▶ Exercise directions: Every entry below needs to be printed again exactly, with its pictures left out.

============

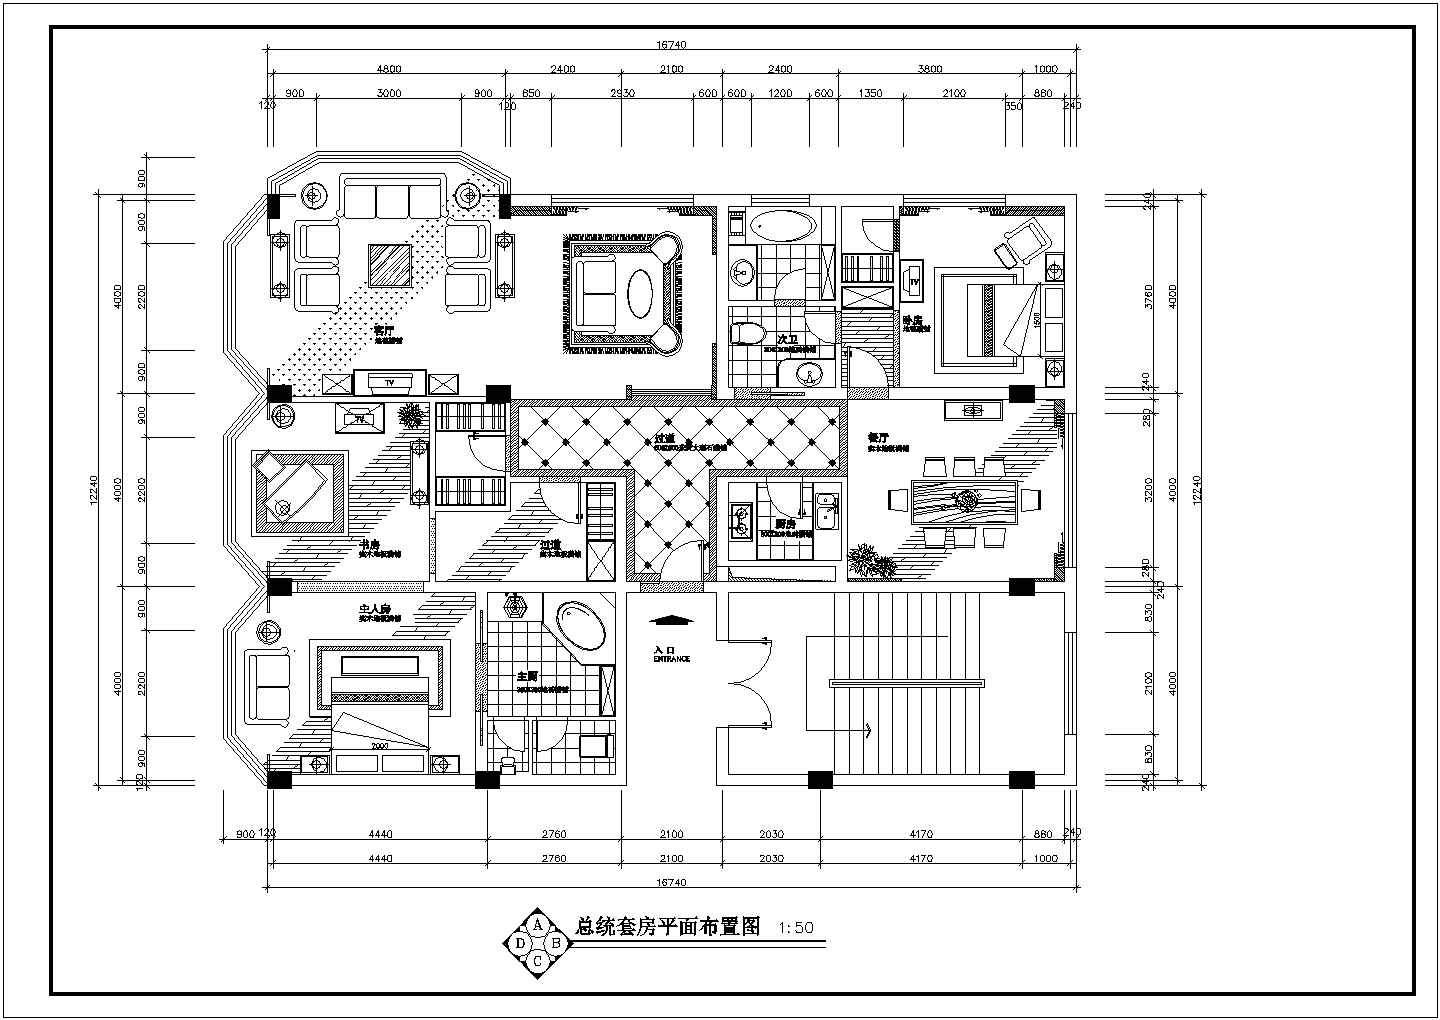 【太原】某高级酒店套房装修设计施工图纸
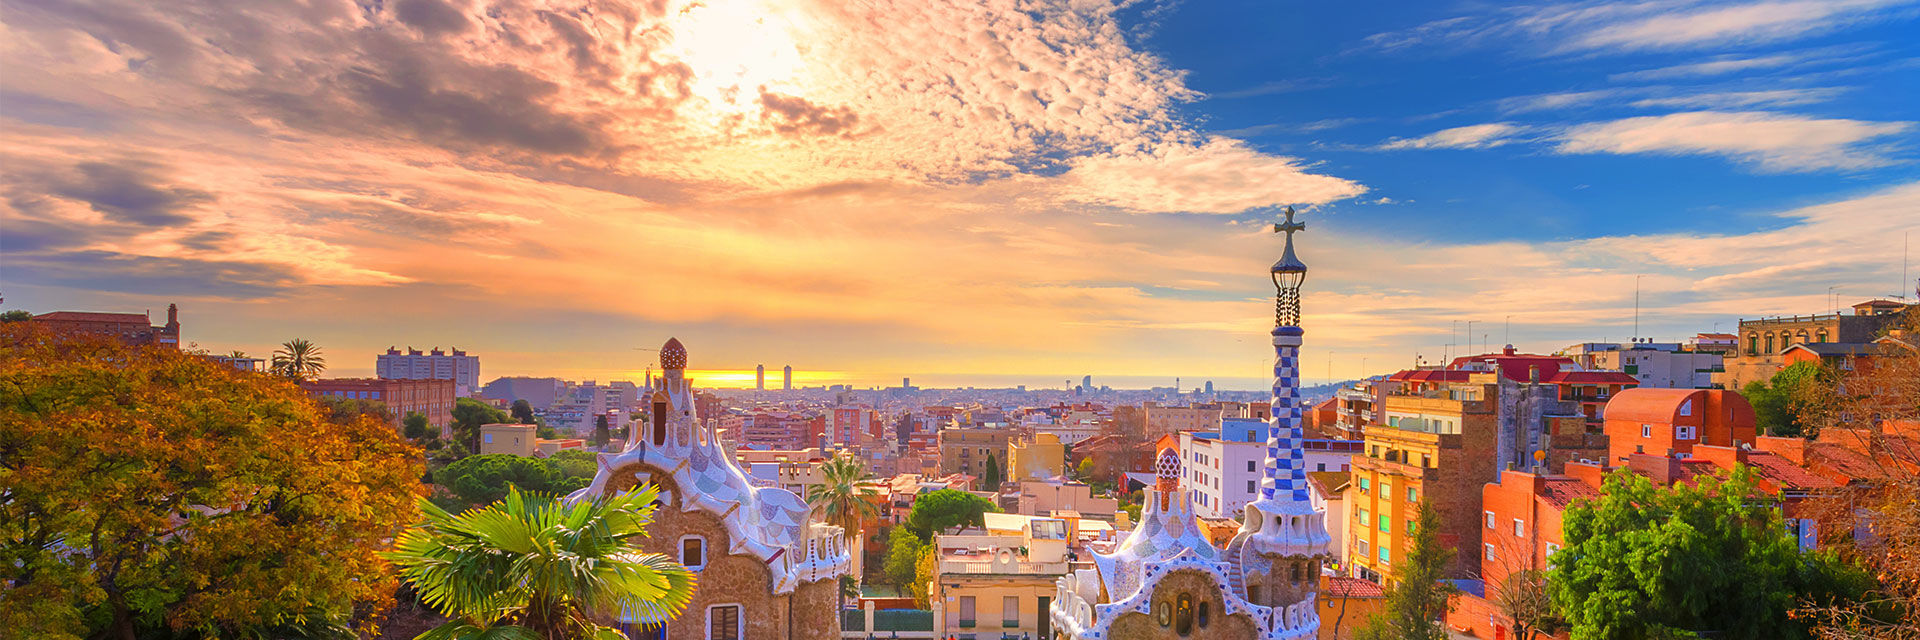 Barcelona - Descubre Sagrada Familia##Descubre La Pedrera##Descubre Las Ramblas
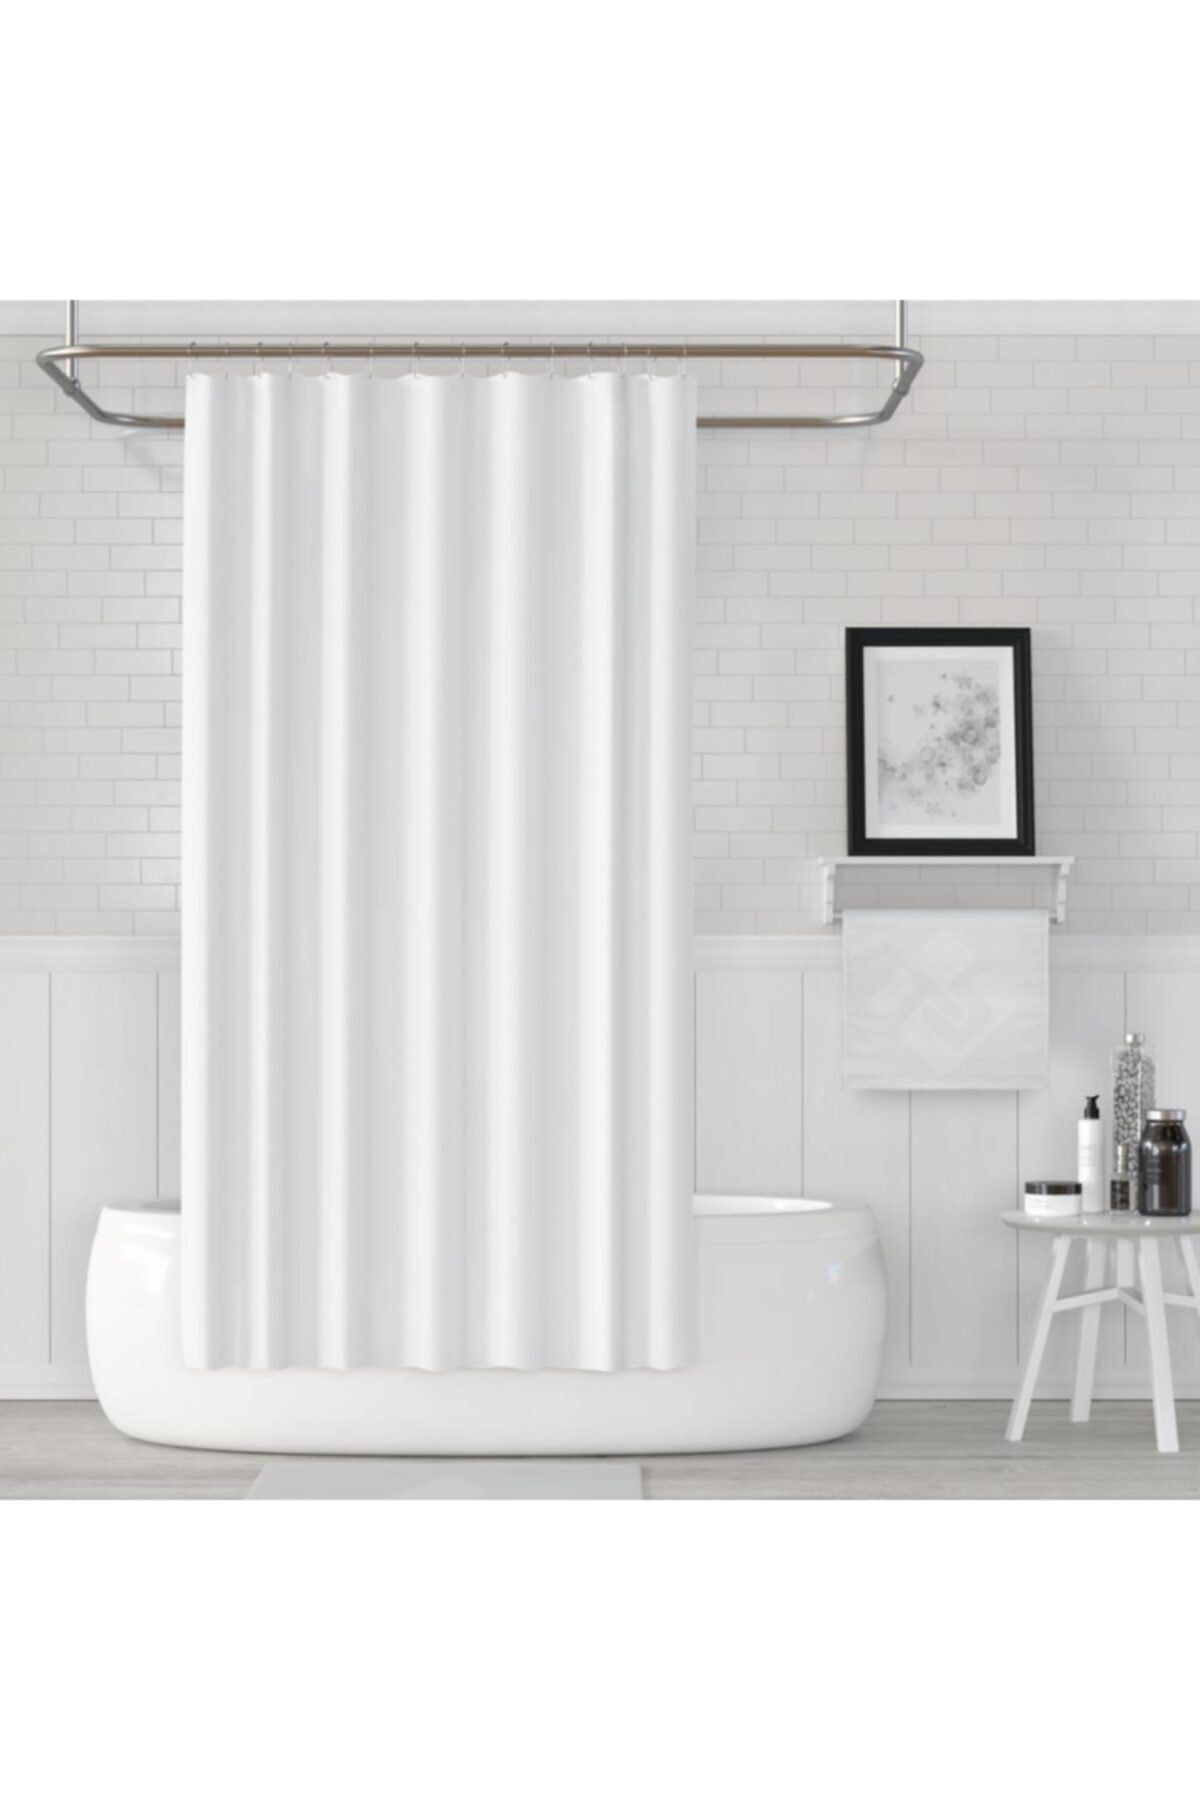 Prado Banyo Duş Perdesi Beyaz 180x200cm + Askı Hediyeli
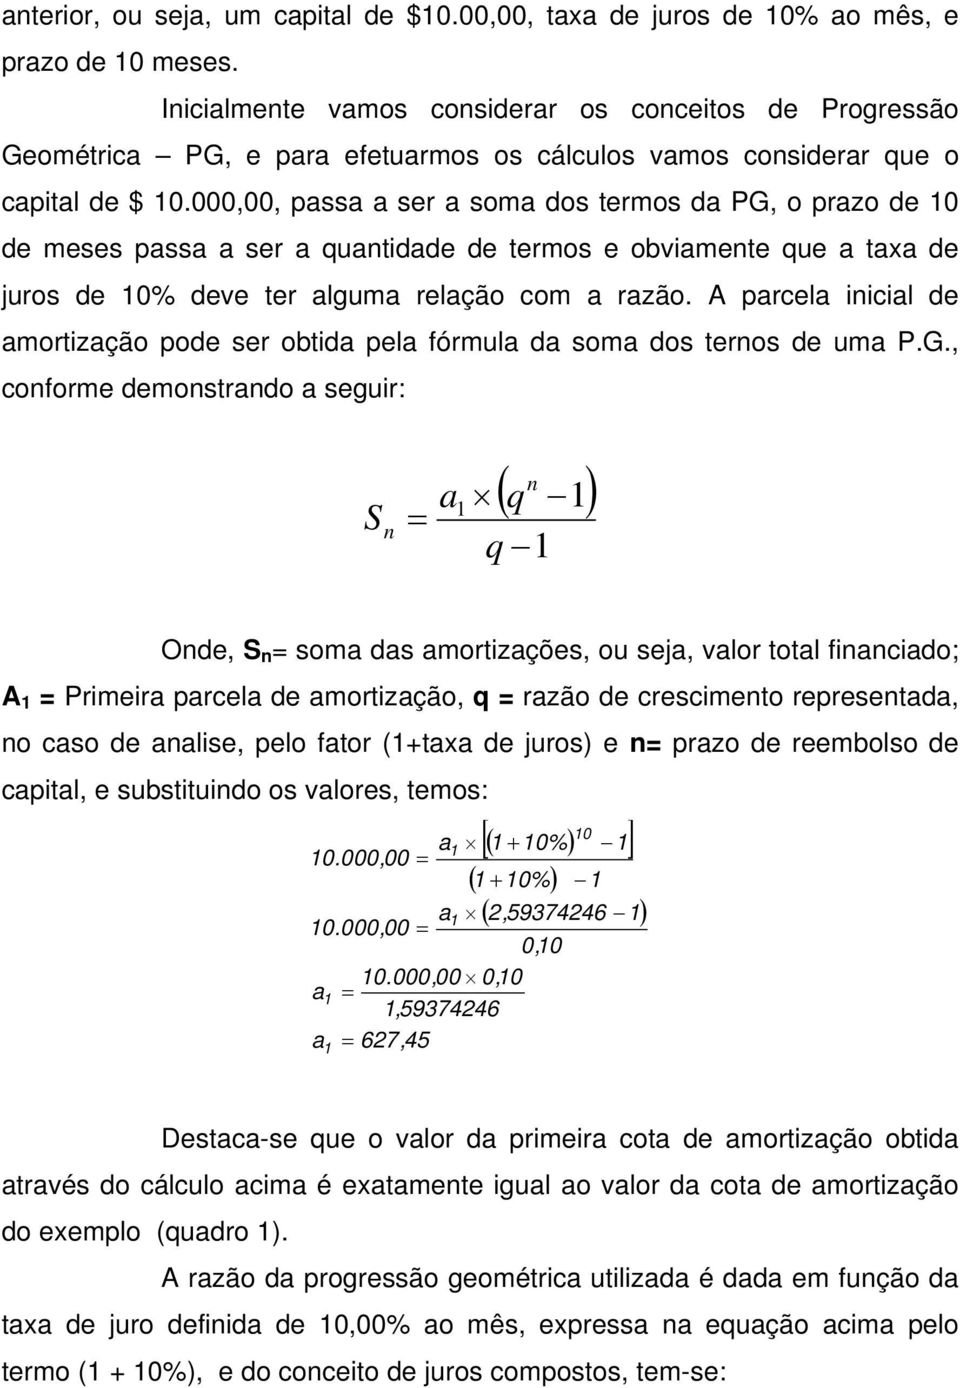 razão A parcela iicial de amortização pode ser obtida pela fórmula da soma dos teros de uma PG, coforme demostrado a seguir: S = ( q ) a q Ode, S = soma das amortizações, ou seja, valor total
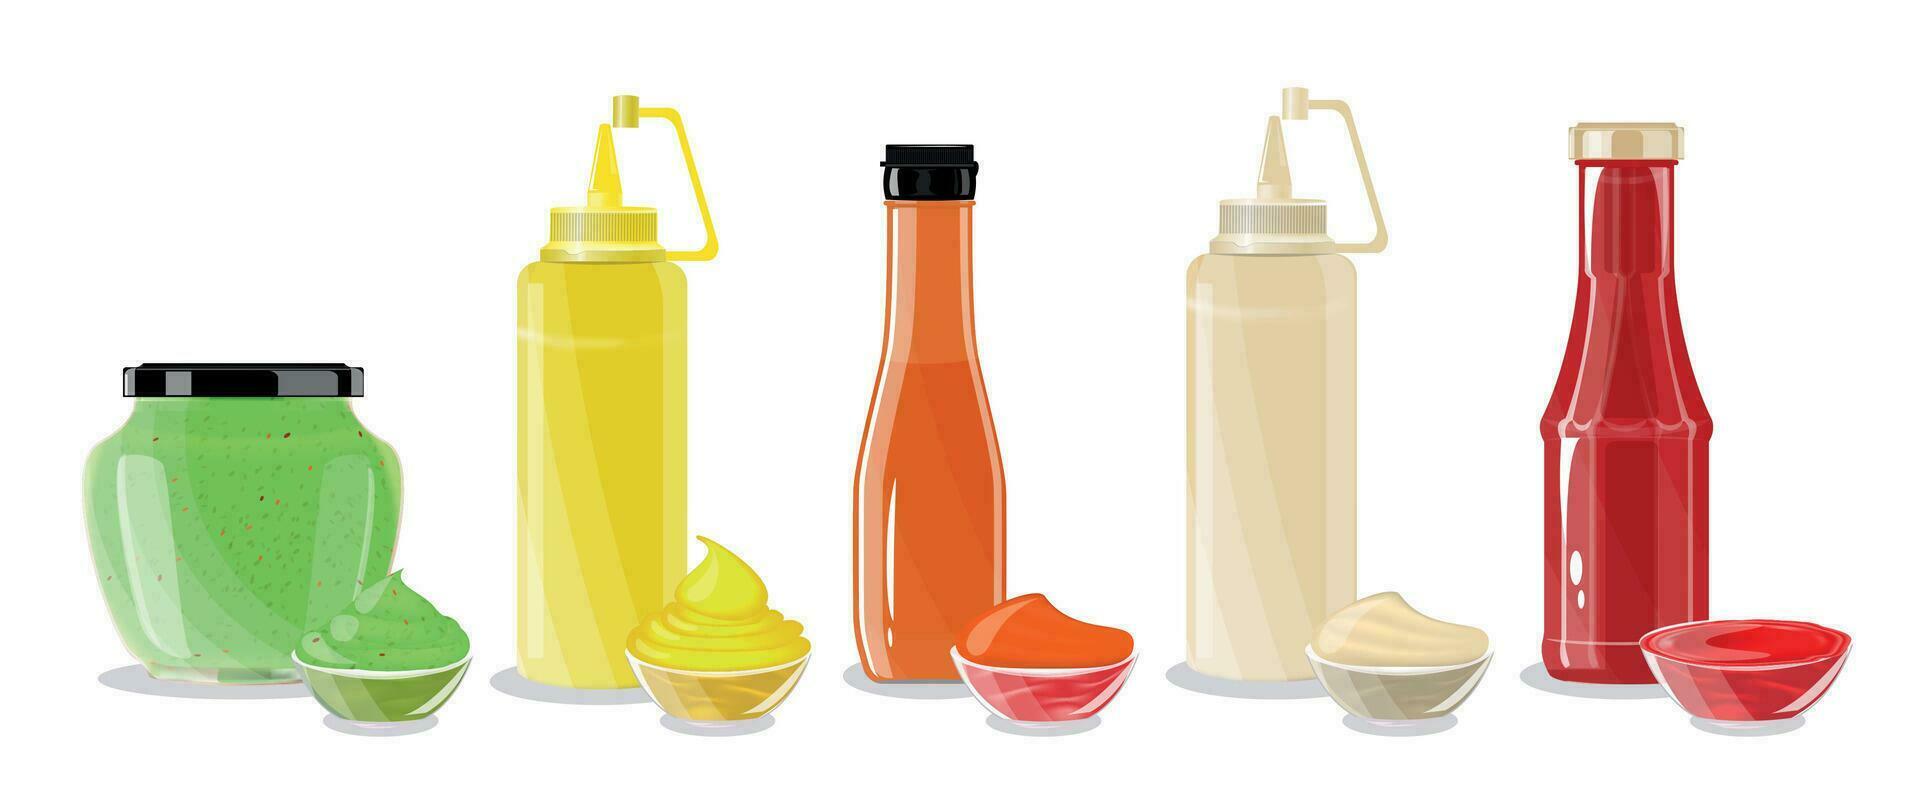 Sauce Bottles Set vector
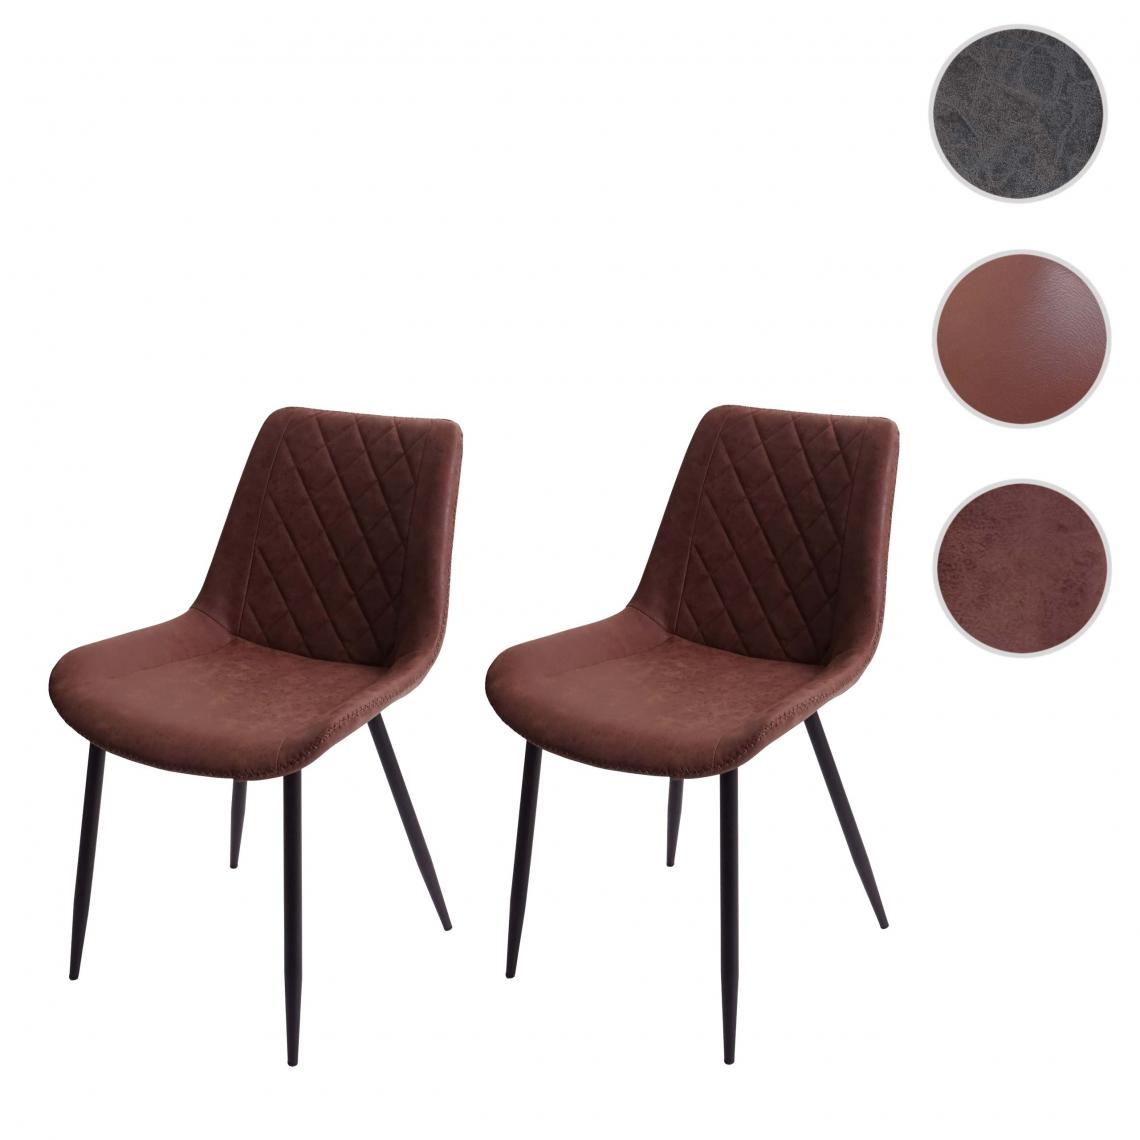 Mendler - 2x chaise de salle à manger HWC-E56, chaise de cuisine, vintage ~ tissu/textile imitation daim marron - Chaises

============

▶ Response box:
 【太原】某高级酒店套房装修设计施工图纸
 Barcelona - Descubre Sagrada Familia##Descubre La Pedrera##Descubre Las Ramblas
 Prado Banyo Duş Perdesi Beyaz 180x200cm + Askı Hediyeli
 razão A parcela iicial de amortização pode ser obtida pela fórmula da soma dos teros de uma PG, coforme demostrado a seguir: S = ( q ) a q Ode, S = soma das amortizações, ou seja, valor total
 Sauce Bottles Set vector
 Mendler - 2x chaise de salle à manger HWC-E56, chaise de cuisine, vintage ~ tissu/textile imitation daim marron - Chaises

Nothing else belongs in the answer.